2054

Extrait du roman 2054, par Alexandre Delong, avec l’aimable autorisation des éditions XYZ. 

2054

Bon… nous y voilà, se dit Ethan en jaugeant avec angoisse l’atmosphère électrique de la  salle des marchés du CHUM.

En ce jour bien particulier, en effet, le Centre hospitalier universitaire de Montréal lui apparaissait tel un gigantesque condensateur, un  condensateur dont il ressentait la tension, inouïe, paroxystique, jusque sur son épiderme. Il aurait même juré, pour un peu, pouvoir distinguer de ses yeux l’incroyable quantité de charges électriques emmagasinée dans la pièce. La foudre ne tarderait plus à frapper, c’est certain. Quelques minutes, tout au plus, et les résultats des examens finaux   tomberaient.  Et dans l’instant, il le savait, tout s’emballerait. Dans le millième de seconde qui s’ensuivrait, ces résultats se répercuteraient sur la valeur des dizaines de milliers de titres cotés dans la section médecine du Marché de la Relève, en détermineraient la valeur de clôture, cours de référence sur la base duquel les transactions commenceraient sur-le-champ à se réaliser.

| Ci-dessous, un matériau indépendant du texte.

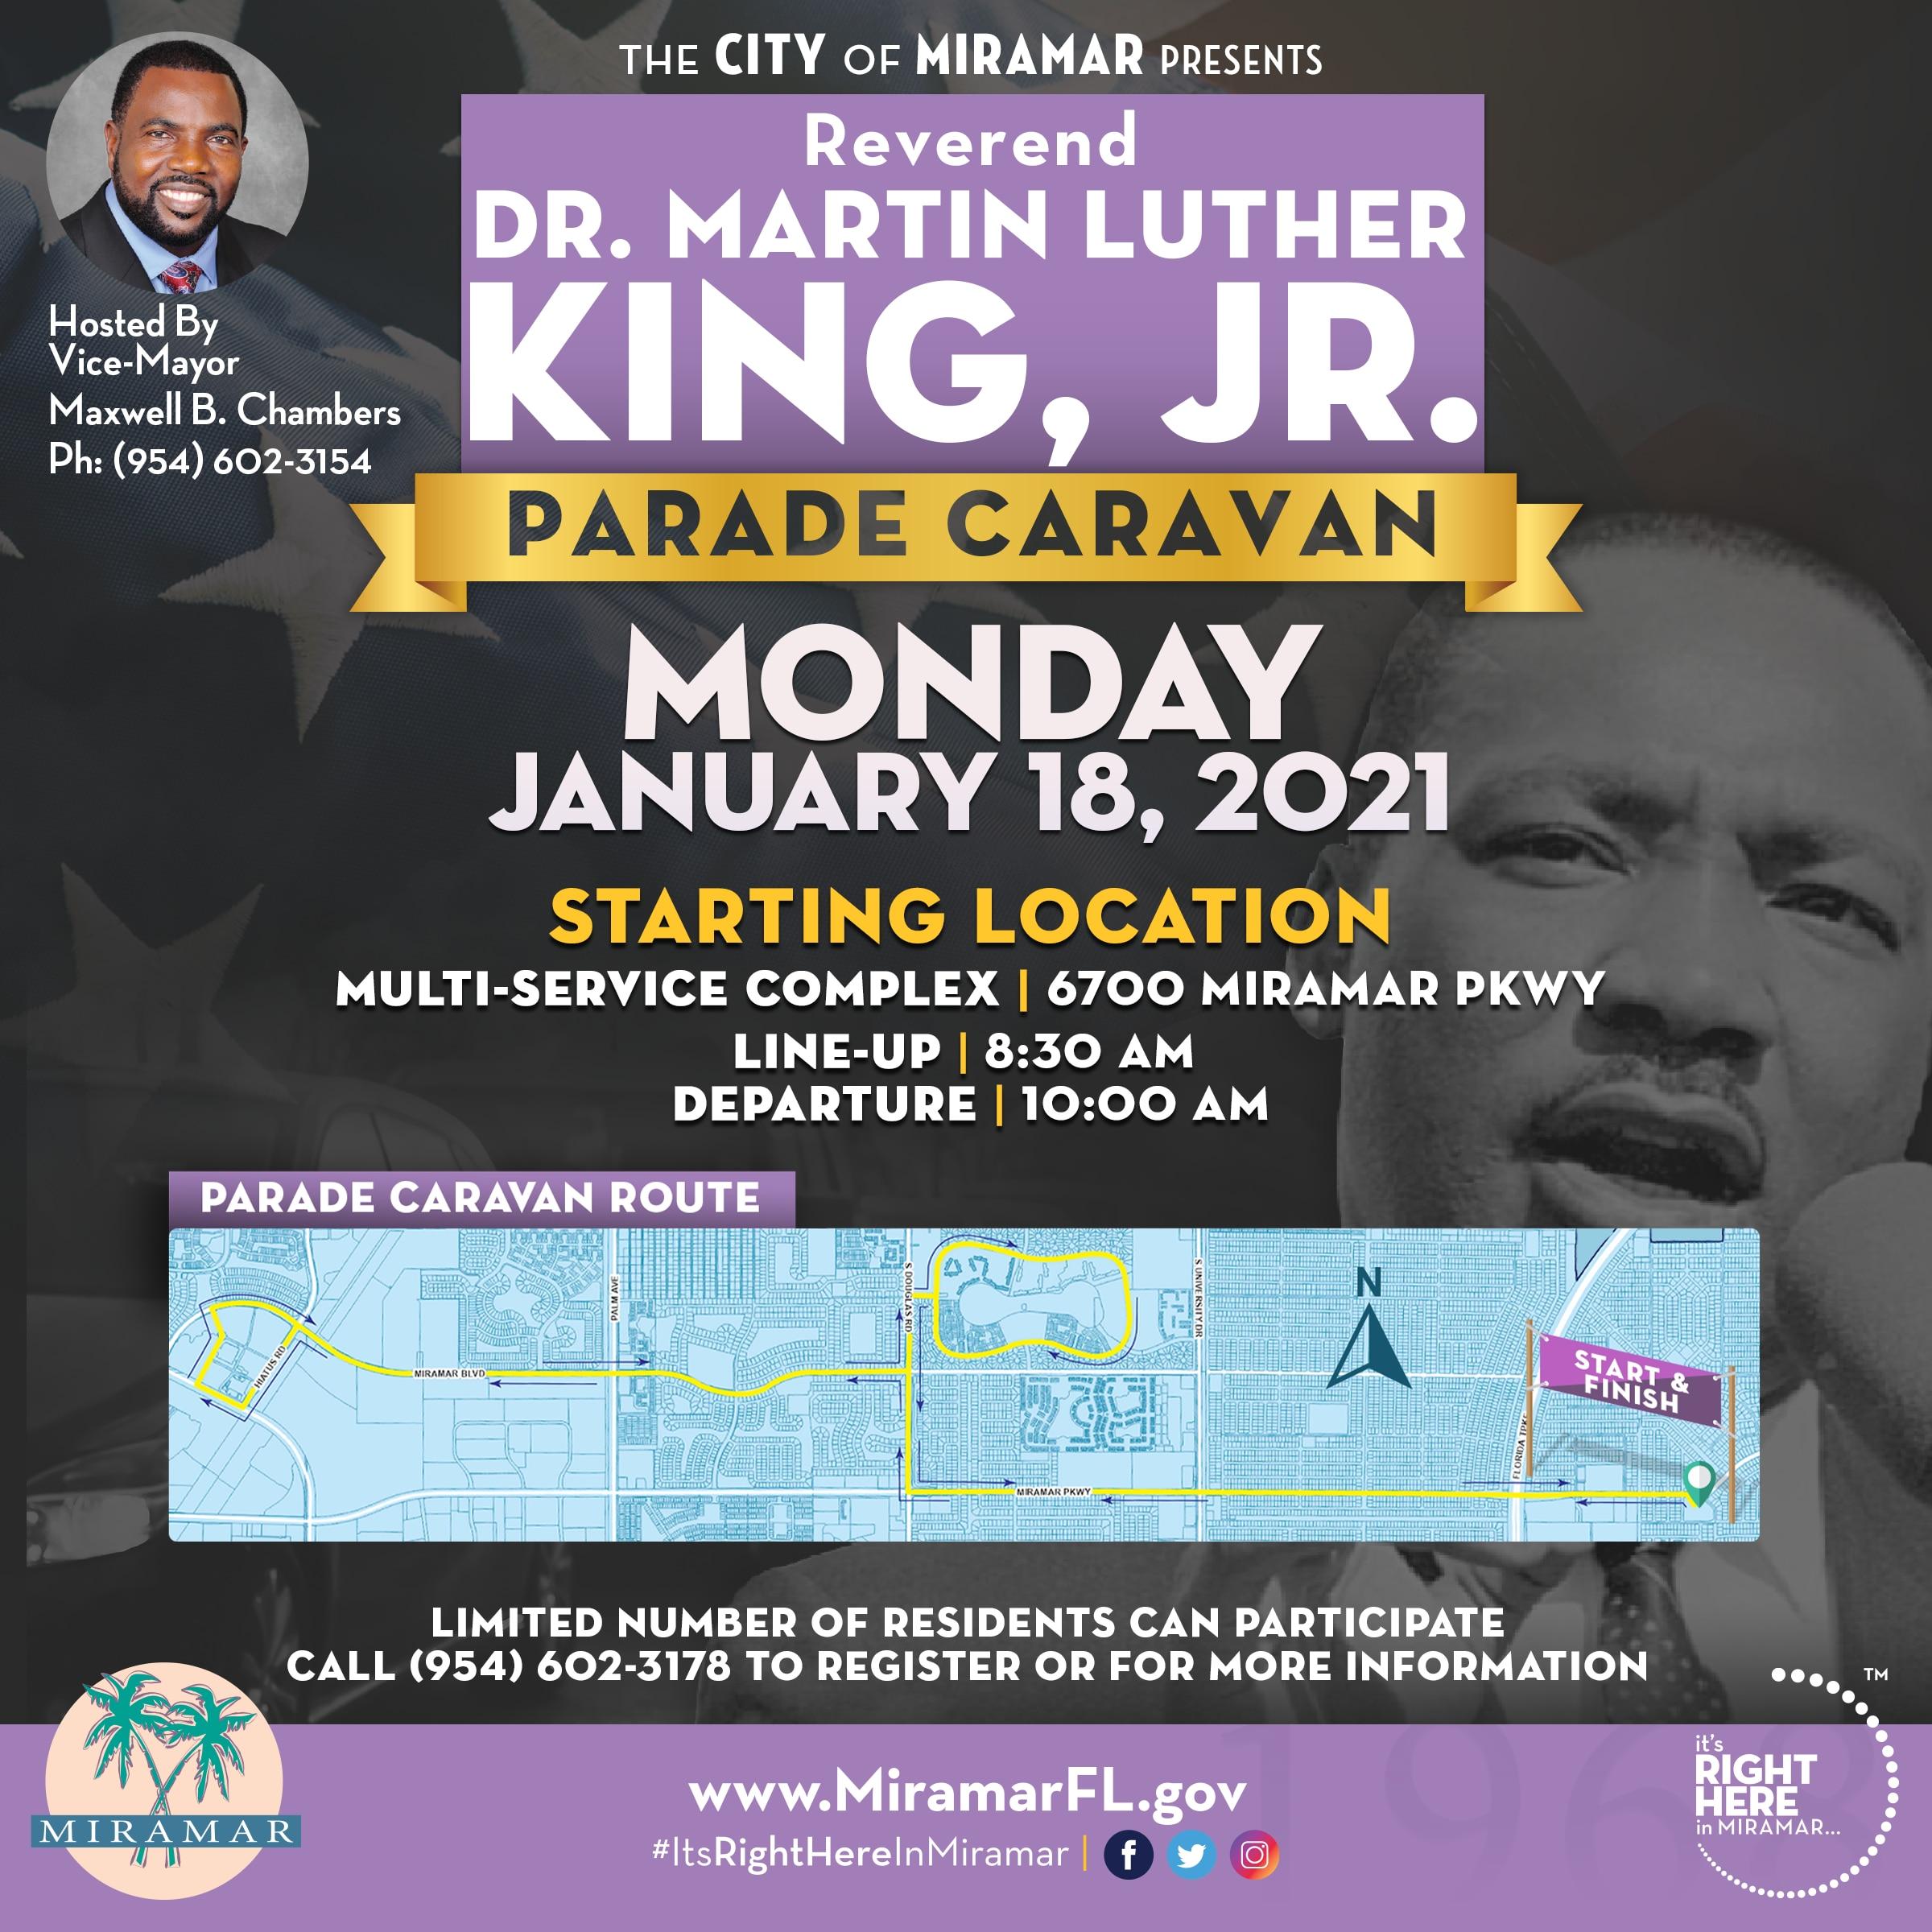 Miramar to hold Martin Luther King parade caravan Monday

Ethan jeta un regard circulaire autour de lui. Les yeux rivés sur le mur écran, près d’une centaine de jeunes médecins résidents achevaient de se liquéfier. Le visage hagard et blême, l’estomac noué et la gorge serrée, les mains moites. Une peur indicible enfiévrait leur regard égaré, transpirait de leurs muscles transis, imprégnait l’air et les murs. Tous, religieusement, écoutaient la longue et monotone litanie de chiffres psalmodiée par Universal Media. Des chiffres obscurs pour les profanes et qui, pourtant, disaient tout d’eux. Tout ce qu’il fallait en savoir. Mieux que d’improbables rapports ou de hasardeuses études, ces sèches colonnes de caractères révélaient aux yeux de tous, à commencer par ceux d’investisseurs particulièrement perspicaces, l’exact potentiel qui se nichait en chacun. Transcrit dans les termes du Marché, ils exprimaient leur valeur intrinsèque.

Or Ethan Price était du nombre de ces résidents. Et rien, à prime abord, ne permettait de le distinguer d’eux. Rien. Rien enfin si ce n’est, peut être, les regards fugaces dont il était l’objet. Des regards qui ne faisaient qu’ajouter la gêne à son angoisse, transformant l’attente en un véritable supplice. Mais par quel tour de force Dim avait-elle réussi à le traîner jusqu’ici ? s’étonna-t-il soudain. Comment diable sa gérante s’y était-elle prise pour l’amener à quitter son appartement, le déloger du sanctuaire dans lequel il avait prévu vivre cet interminable calvaire ?

Oh ! bien sûr, il n’avait pas eu à chercher très longtemps la raison de son entêtement à le traîner jusqu’au CHUM. La réponse lui avait sauté aux yeux à l’instant même où il en avait franchi le seuil ; les publi-reporters d’Universal Media étaient là, qui l’attendaient. Oui, là encore, rien à redire. Dim avait parfaitement manoeuvré. Car c’est elle, il l’aurait parié, qui les avait tous ameutés. Des semaines qu’elle s’affairait à attirer l’attention des médias sur la valeur Ethan Price. « Il nous faut à tout prix entretenir la hausse spéculative de ton cours », lui répétait-elle encore la semaine passée. Force est de constater qu’elle y avait plutôt bien réussi. Et ce n’était là que justice, tant elle n’avait pas ménagé ses efforts

pour le placer dans les meilleures conditions possibles à l’heure fatidique. N’en déplaise à son père, la Lekho ne s’était pas fourvoyée en confiant son poulain le plus prometteur à cette jeune mais ô combien talentueuse gérante. Son habileté, tout simplement diabolique, compensait amplement son manque d’expérience. Alors oui, vraiment, s’il y a une chose dont Ethan était convaincu, c’est bien que Dim n’aurait pas volé ses dividendes en fin d’année. À condition, naturellement, qu’il en dégage. Mais c’était là une autre histoire…

La suite ? Dans le livre…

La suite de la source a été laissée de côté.